Some of what we learnt:

  • the idea that artist could think about 'leveraging the assets' within the individuality of their persona, ideas, and their world-view, as much as (more than?) their production processes - there's a hungry market out there for "people who can see around the next corner, come back and tell us what's there";
  • the ambiguous nature of the mediation between artists' processes and the public: examples of inspirational, transformational support from Creative Producer, alongside concerns about how the arts and cultural sector, in particular, can 'exploit its own';
  • the importance of networking and building relationships beyond the arts & cultural sector - to get viral, move into other worlds, and to find the free-thinkers in those worlds - they do exist.

Thanks to all of our speakers and for the great contributions from the floor.
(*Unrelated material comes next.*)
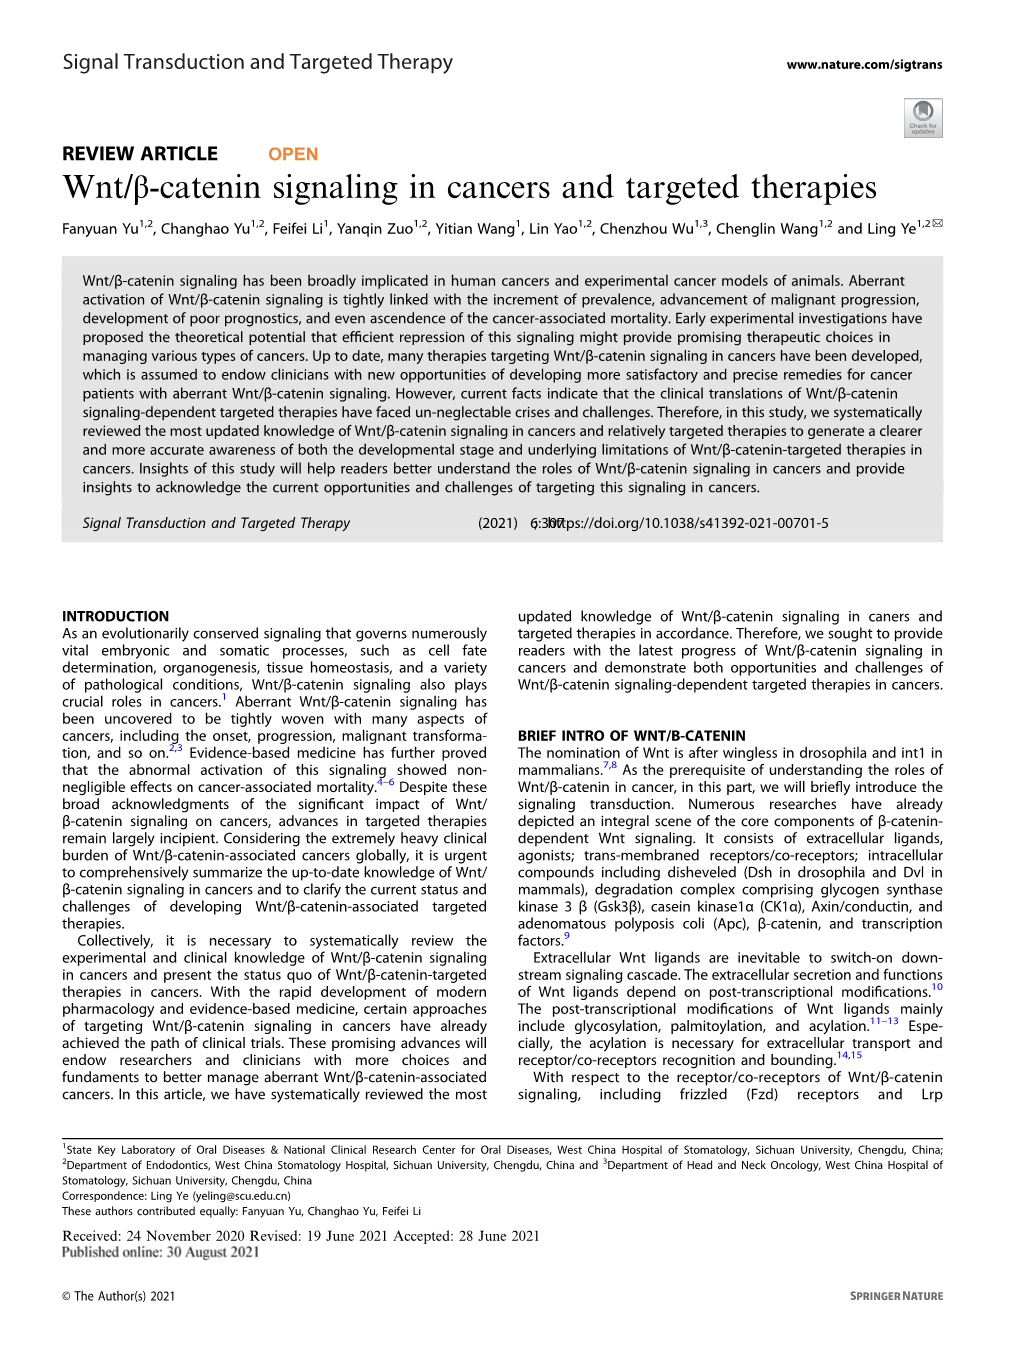 Wnt/Β-Catenin Signaling in Cancers and Targeted Therapies

We encourage you to engage and collect these invigorating doses of fresh, upfront thinking of how artists might navigate the rapids of "culturpreneurship" by listening to the following podcasts:

Click here for discussion with Richard Layzell. (15:39)

Click here for discussion with Clare Reddington.  (12:48)

Click here for discussion with Sarah Thelwall. (12:56)

 

[Pictured above, left to right: Richard Layzell, Marc Boothe, Clare Reddington.]

Posted on Wednesday, September 2, 2009 at 09:14AM | CommentsPost a Comment

Conversations 2: Meeting Parlour Culture

 

Some members of the Method cohort met yesterday with the people behind Parlour Culture, another iniatitive also funded by the Cultural Leadership Programme. We're grateful to the Jerwood Space for providing us with a great location for a fresh exchange of perspectives across artist and producer networks, and for the attendance of John Kieffer, Parlour Culture's external adviser, who sat in on our chat.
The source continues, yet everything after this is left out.